## Instructions for the task
Starting at the first line of the listing below, repeat each line exactly until the line containing "Christian Dior - Black", which you include. Leave out pictures.

## Input data
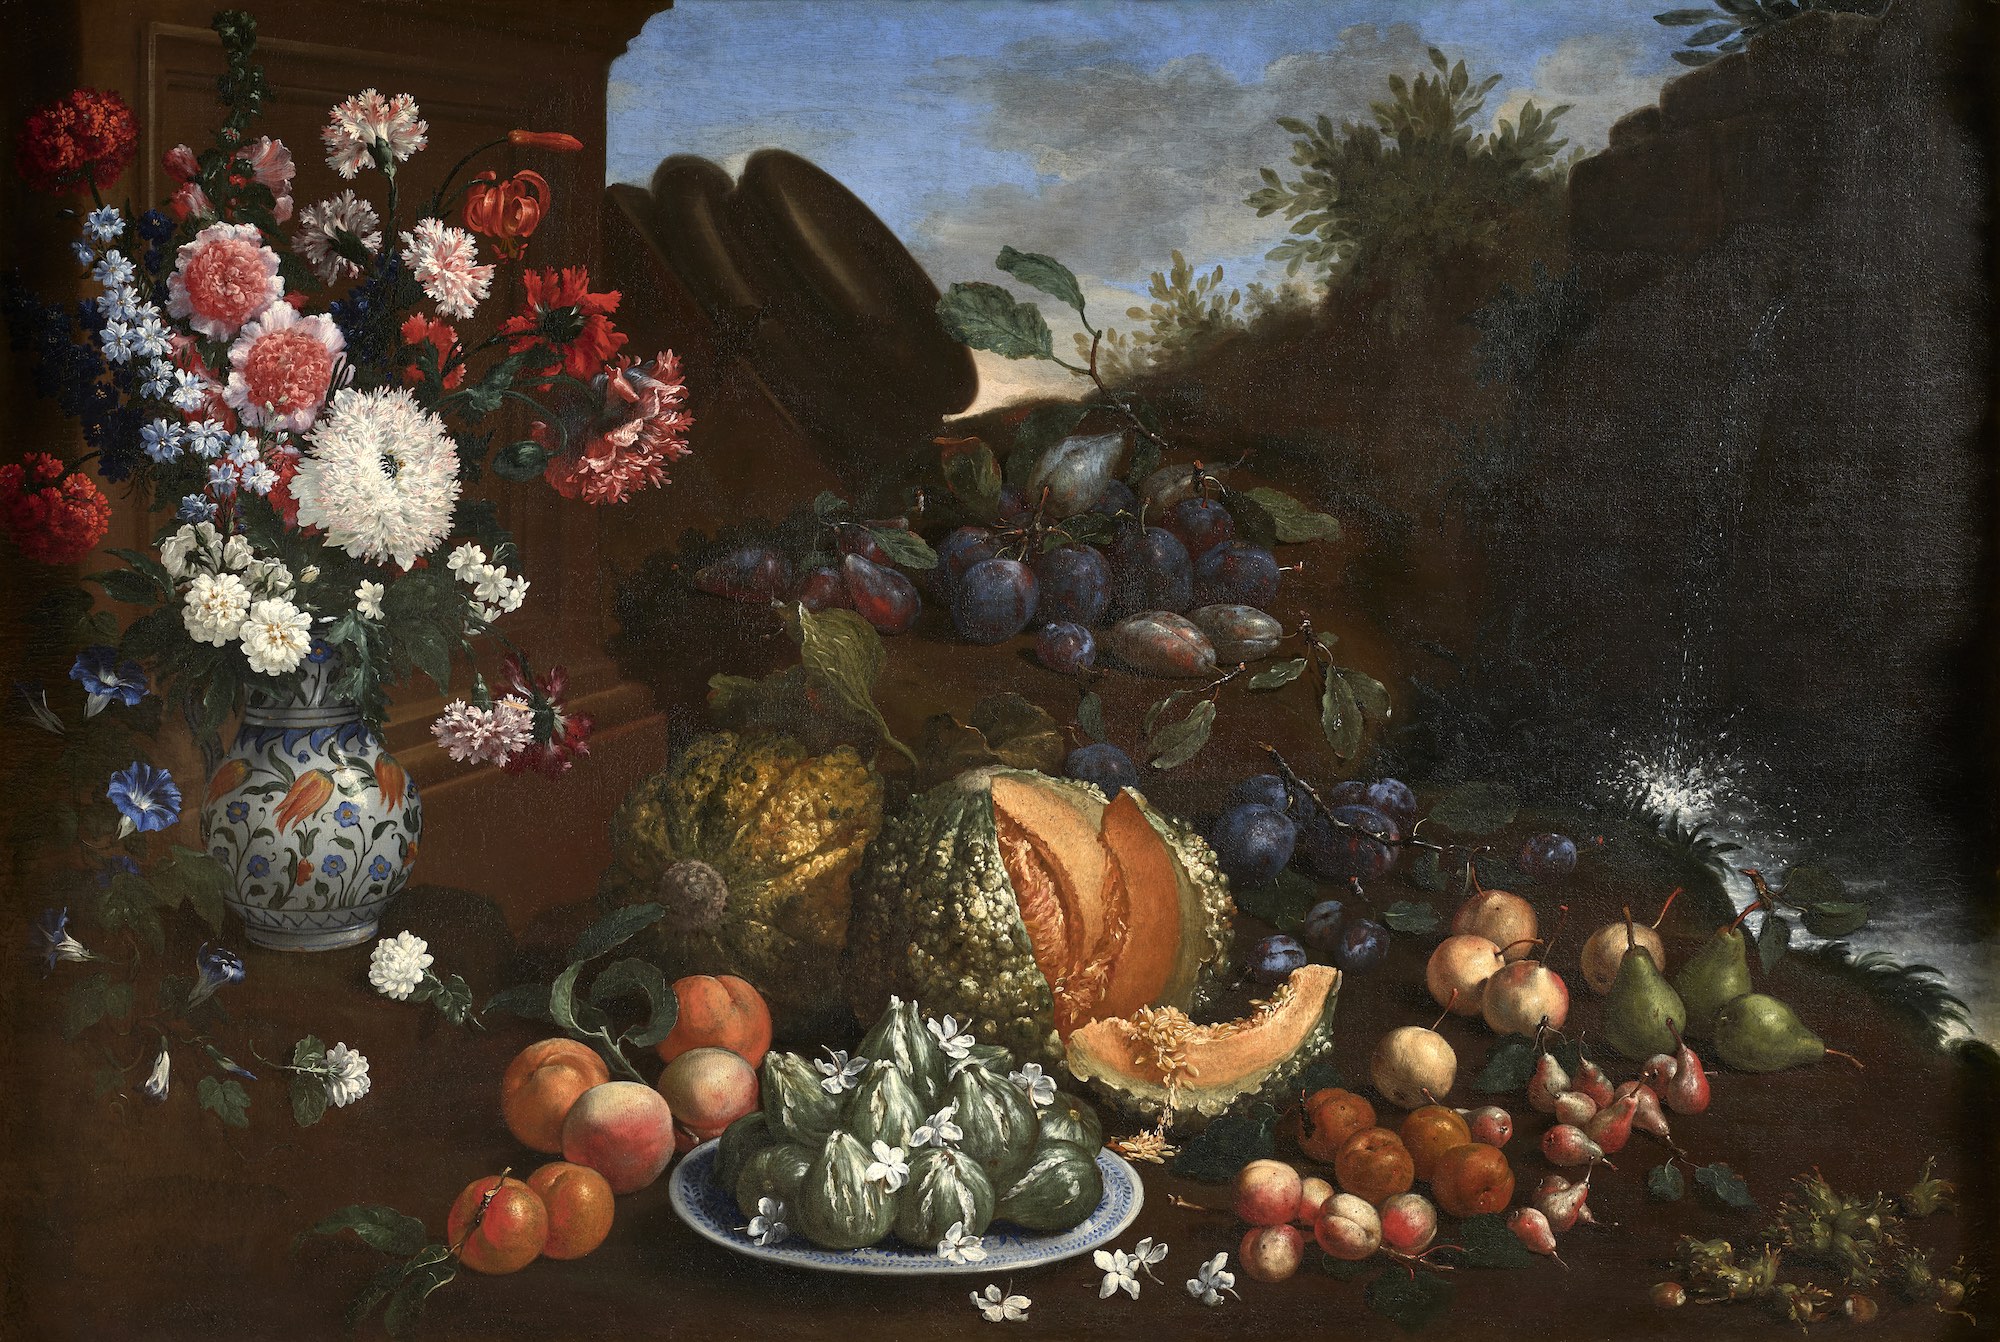 Bartolomeo Bimbi (1648-1729), Vase de fleurs, plat de figues, melons et prunes dans un paysage. Huile sur toile, 100 x 145,50 cm. Estimé : 200 000/300 000 €. Photo service de presse. © Artcurial
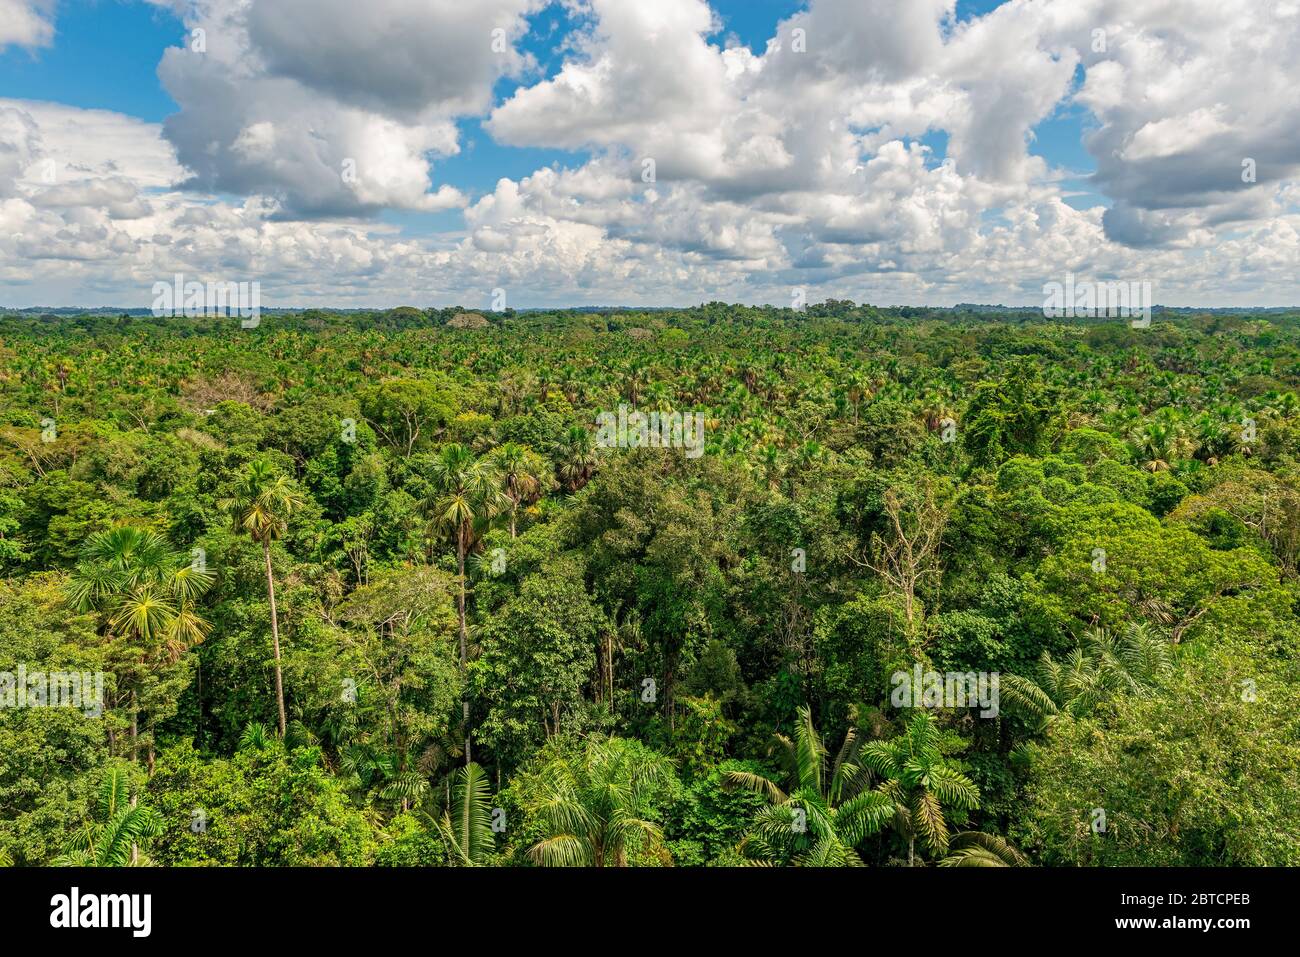 Vue aérienne de la forêt amazonienne qui comprend les pays suivants : Brésil, Bolivie, Colombie, Équateur, Guyana, Pérou, Suriname et Venezuela. Banque D'Images
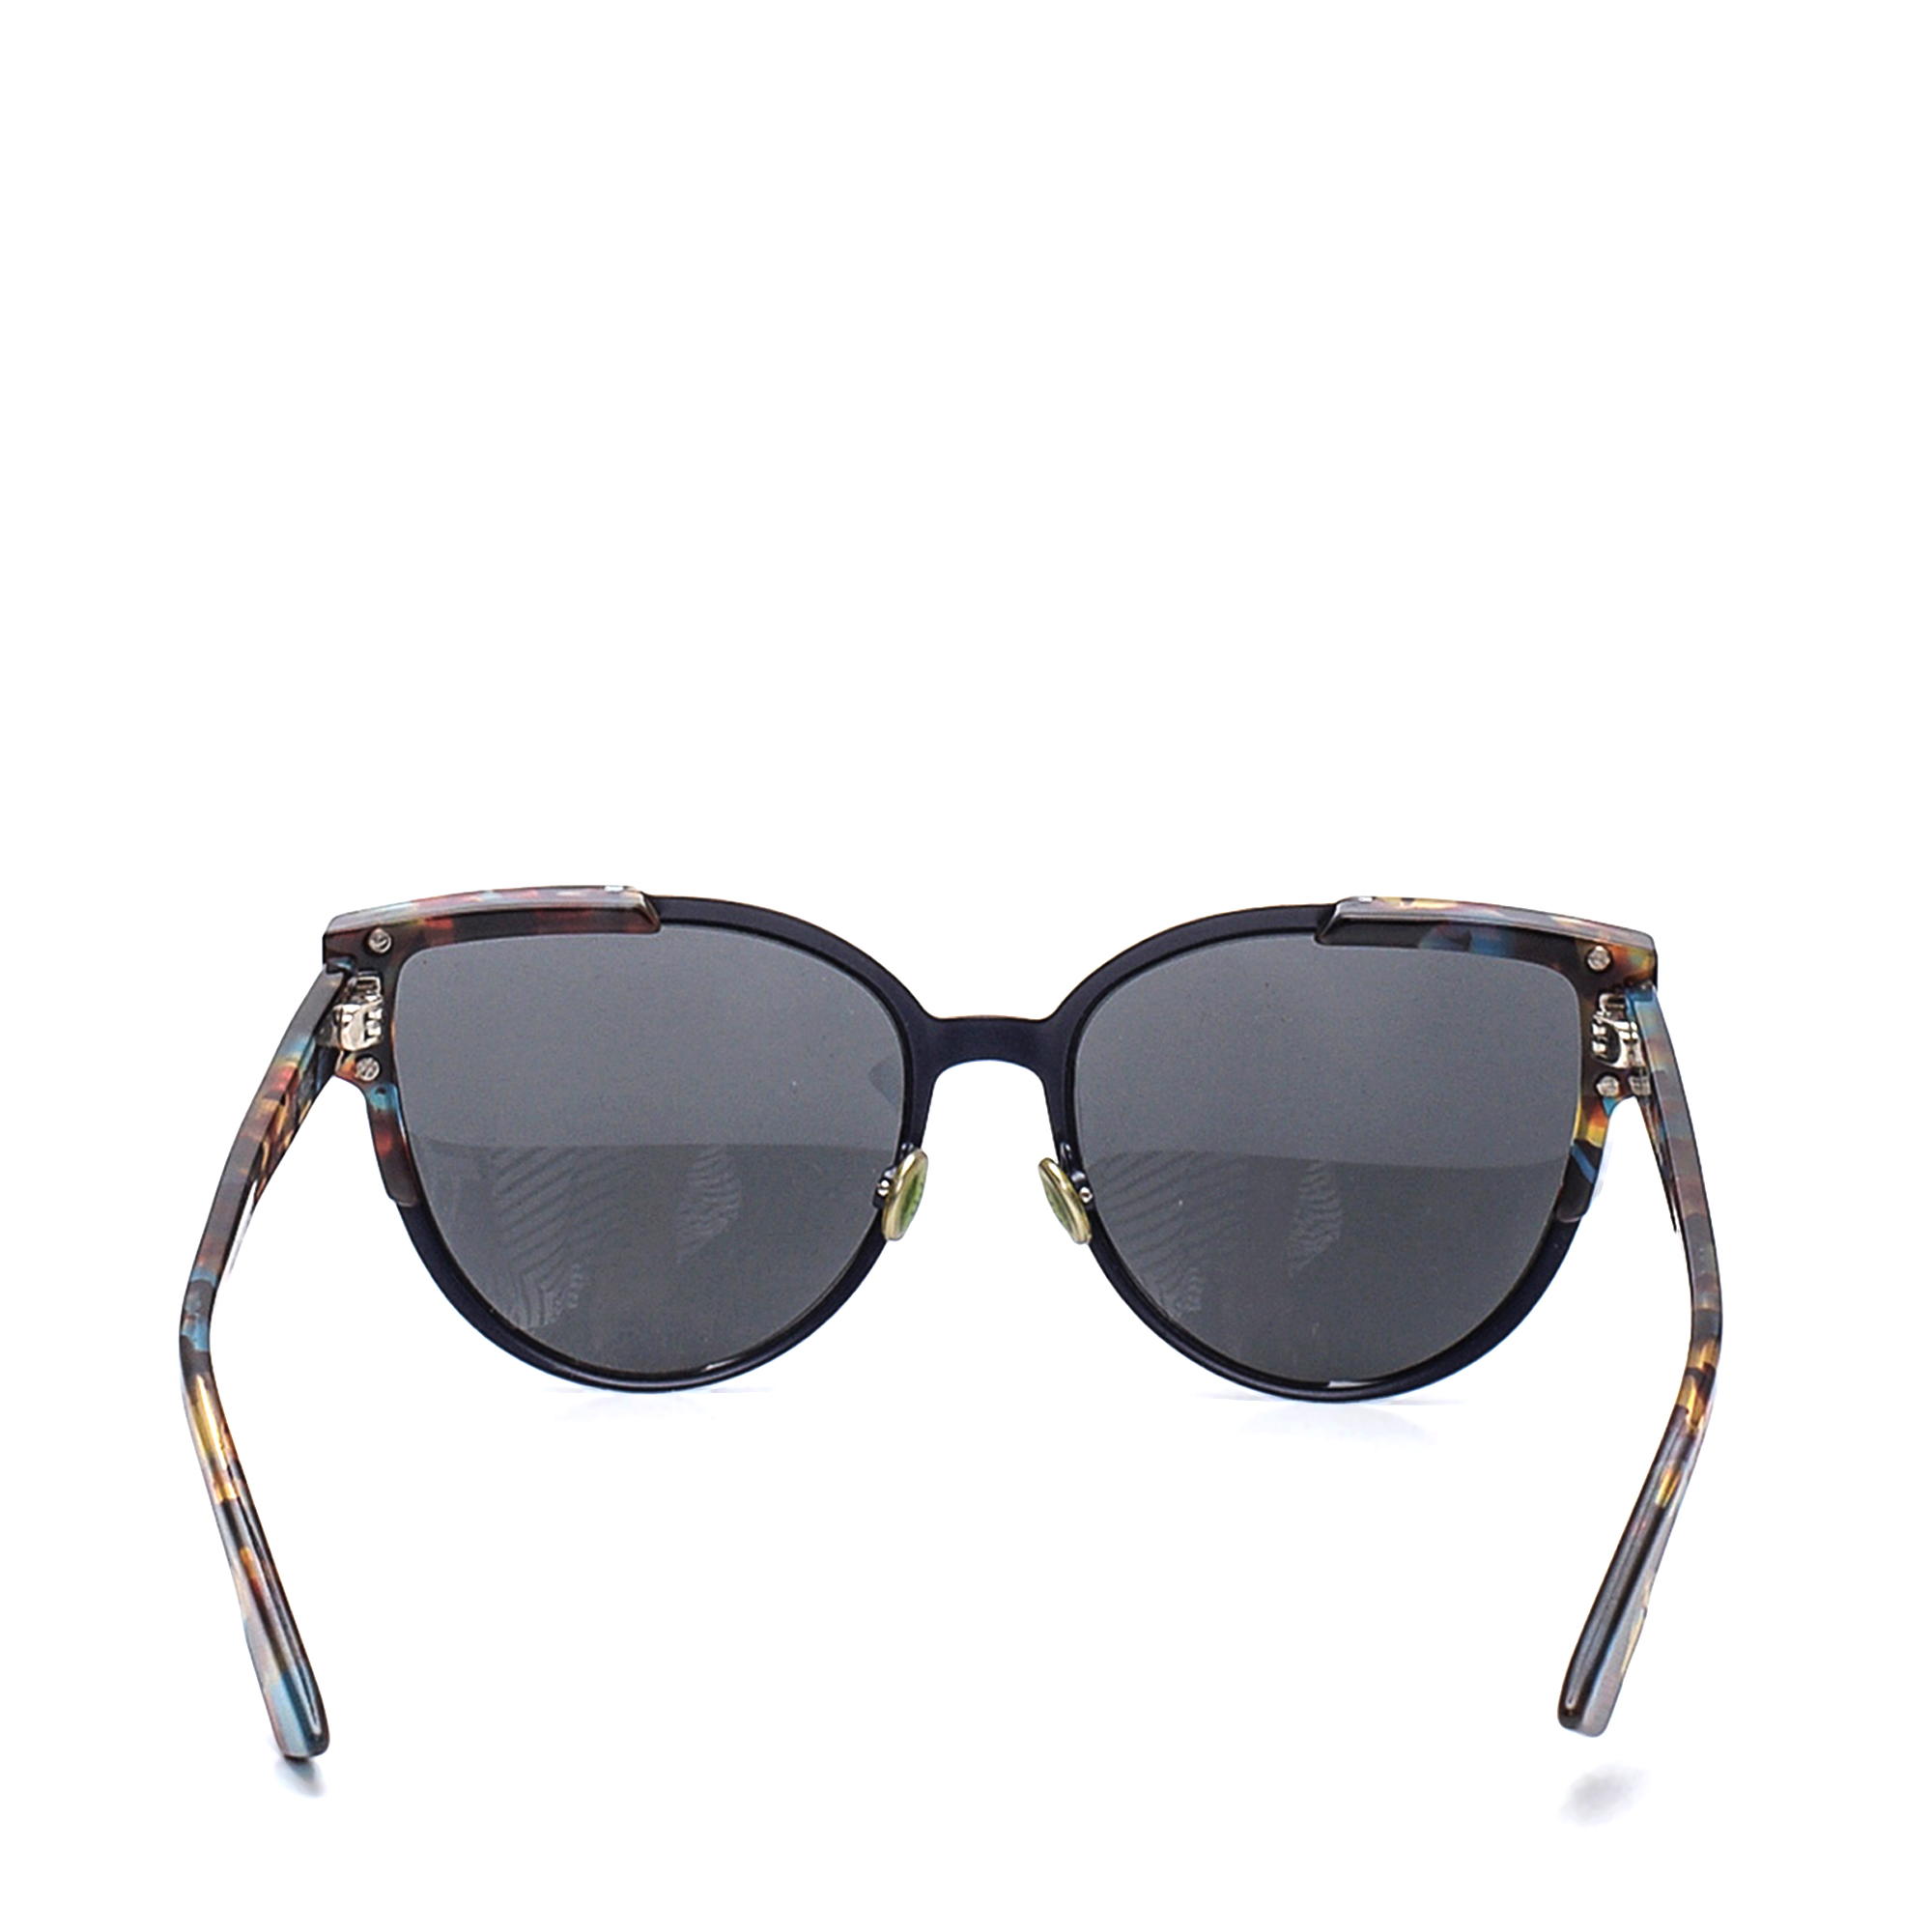 Christian Dior - Black & Blue Tortoiseshell Sunglasses
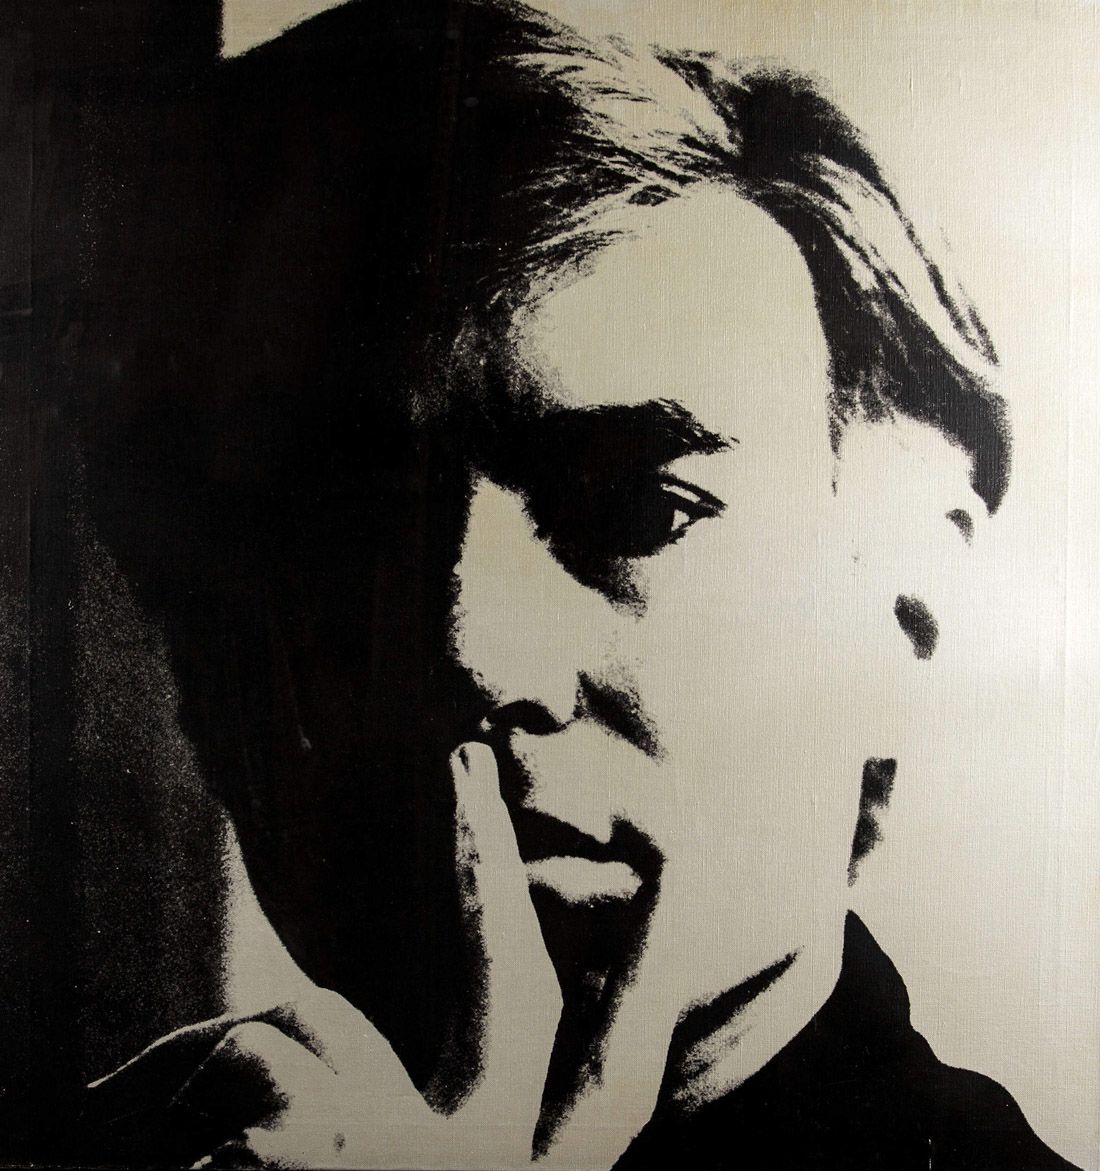 Perché siamo ossessionati da Andy Warhol? A Milano la mostra imperdibile sul protagonista della Pop art americana- immagine 6

## Response area
 Bartolomeo Bimbi (1648-1729), Vase de fleurs, plat de figues, melons et prunes dans un paysage. Huile sur toile, 100 x 145,50 cm. Estimé : 200 000/300 000 €. Photo service de presse. © Artcurial
 Vue aérienne de la forêt amazonienne qui comprend les pays suivants : Brésil, Bolivie, Colombie, Équateur, Guyana, Pérou, Suriname et Venezuela. Banque D'Images
 Christian Dior - Black & Blue Tortoiseshell Sunglasses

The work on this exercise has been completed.